The good press and broadening sales channels are paying off. Trutankless reported a 190% year-over-year increase in sales for the first nine months of 2018. At the end of the third quarter in 2018, sales for the year so far were $1.130M, vs. $0.39M at the end of Q3 2017. Sales in Q3 2018 alone were $351K, triple those in Q3 2017.
For the full 2018 year, it looks like the company may be on track to double their 2017 sales.
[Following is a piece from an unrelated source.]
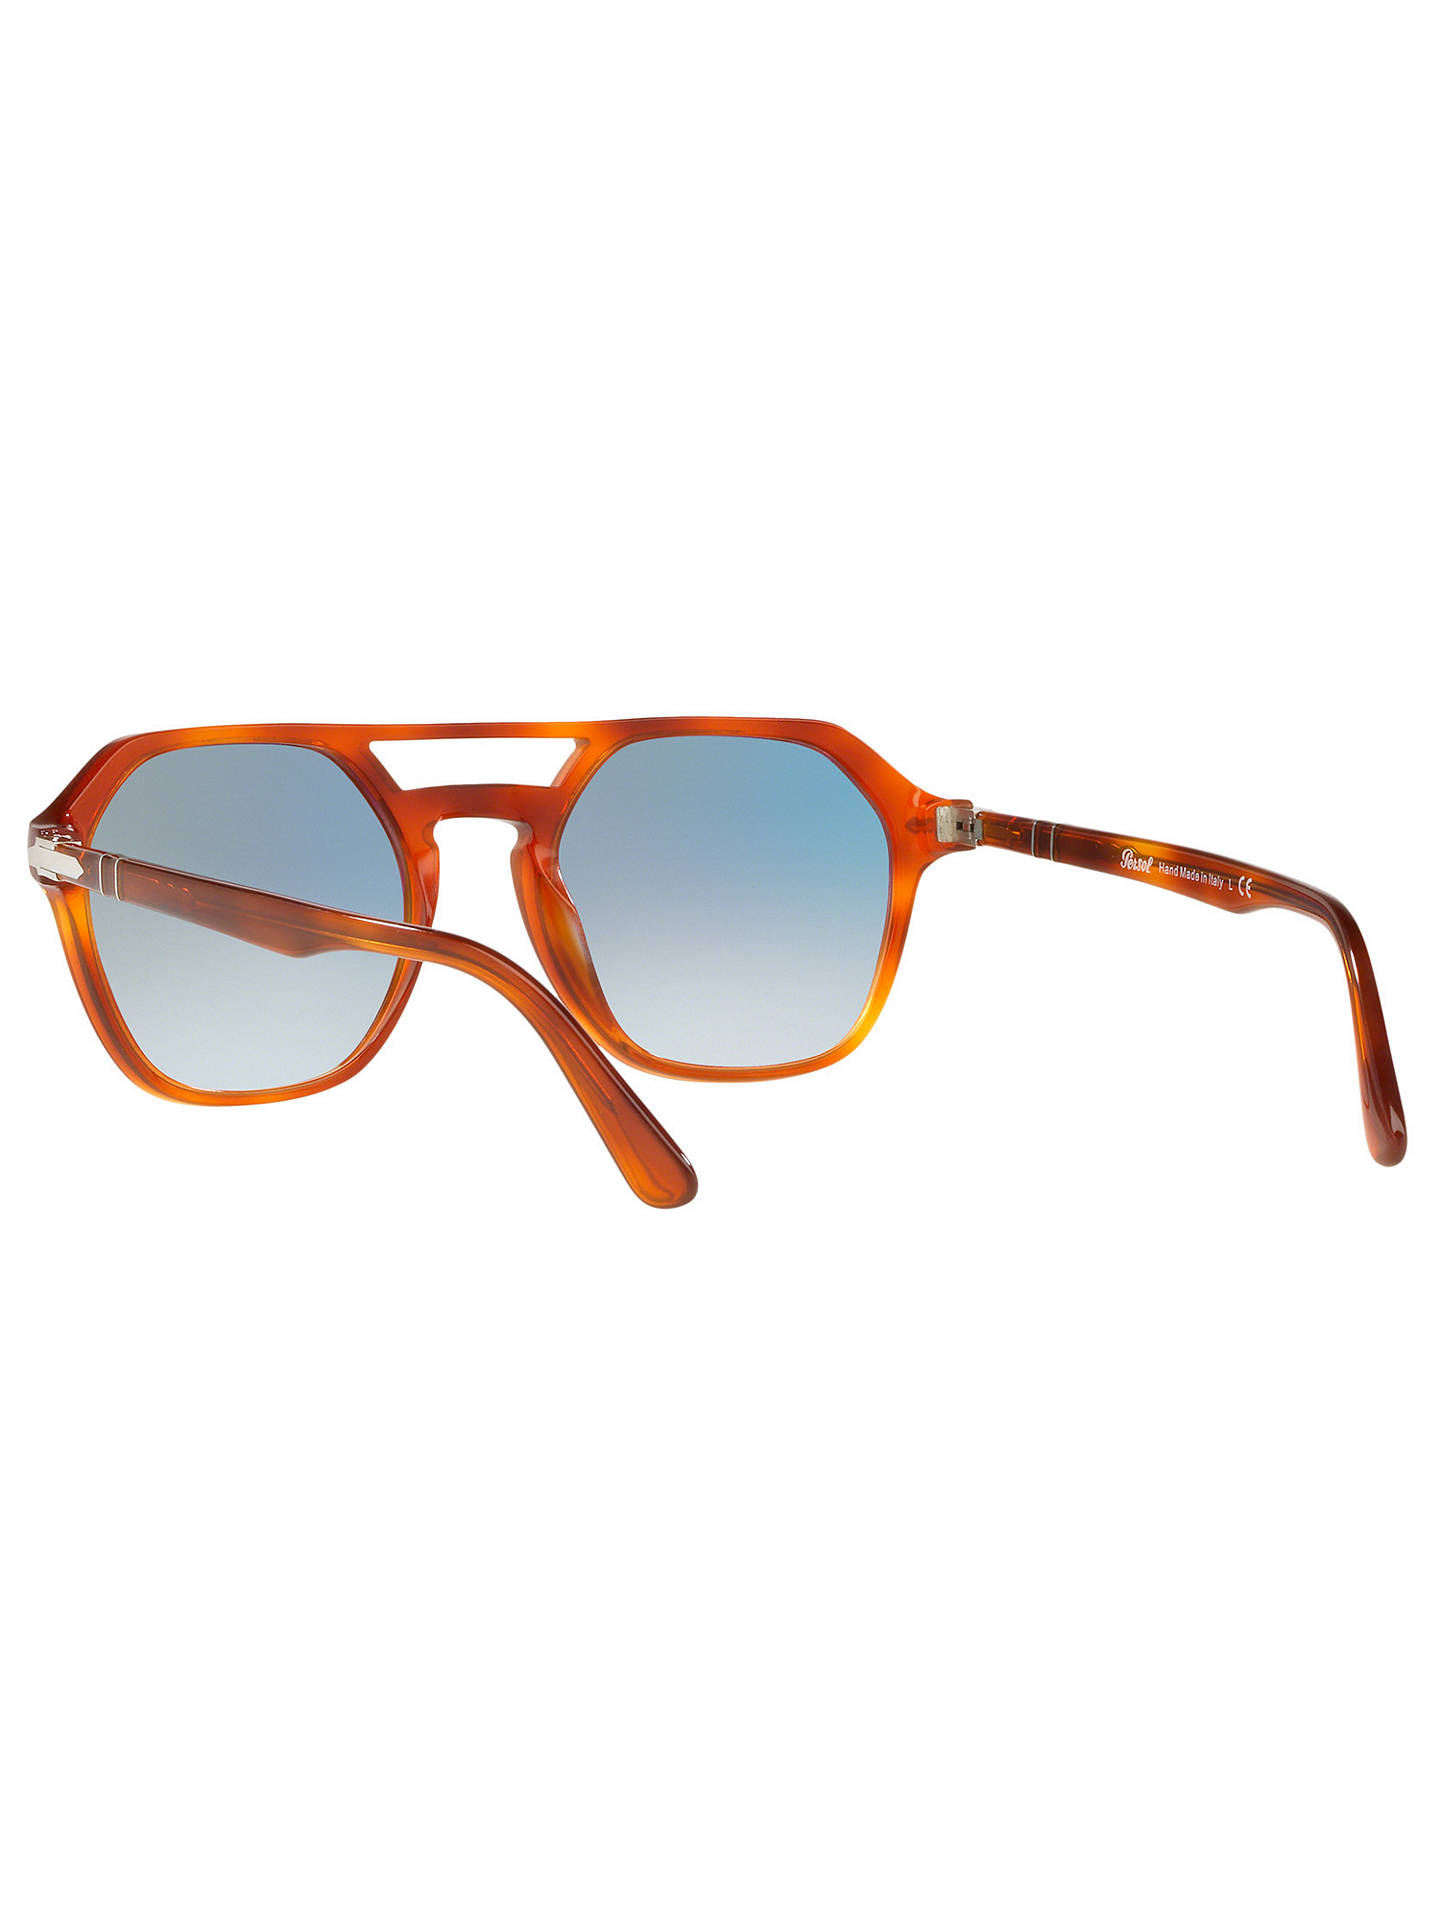 df51dc7ba8941 ... Buy Persol PO3194S Men s Geometric Sunglasses

GrowthCould Be Just Getting Started
Three trends are lining up to support Trutankless' products, and their growth could just be getting started. First, the attraction of endless hot water through tankless water heaters is driving double-digit growth in this field, combined with increased efficiency and often lower monthly bills for the consumer. Some people consider endless a luxury, but more people are thinking about this newer technology before defaulting to the traditional storage approach. 
Second, all-electric homes may be the future as we move to more energy sources based on renewables like solar. The share of U.S. homes that are all-electric is climbing rapidly, primarily in the south, and this trend is only likely to continue. [11,12]
Finally, consumers are demanding ''smart'' products that they can control and monitor remotely. Trutankless is at the fore with their wifi-connected units and apps. Even capturing 1% of the 8.5 million storage heaters shipped last year according to AHRI, which doesn't account for on-demand types already going in, would equate to $102 million in sales at an estimated $1200 per unit.
Trutankless' offering plays right into one of the hottest trends of the decade, the mass of devices now demanding connectivity and even robots and AI. IRobot (IRBT) has quietly climbed from $30 in 2016 to over $130, reporting their best quarter early this year, while Nvidia Corp. (NVDA) recently paid $6.9 billion for Mellanox Technologies, which provides the computing power that works behind the scenes to keep the ''internet of things'' up and running. There's appetite for this technology, and compared to the well-publicized peers like Nest and Ring, TKLS could have some catching up to do if sales this year come out as promising as they may.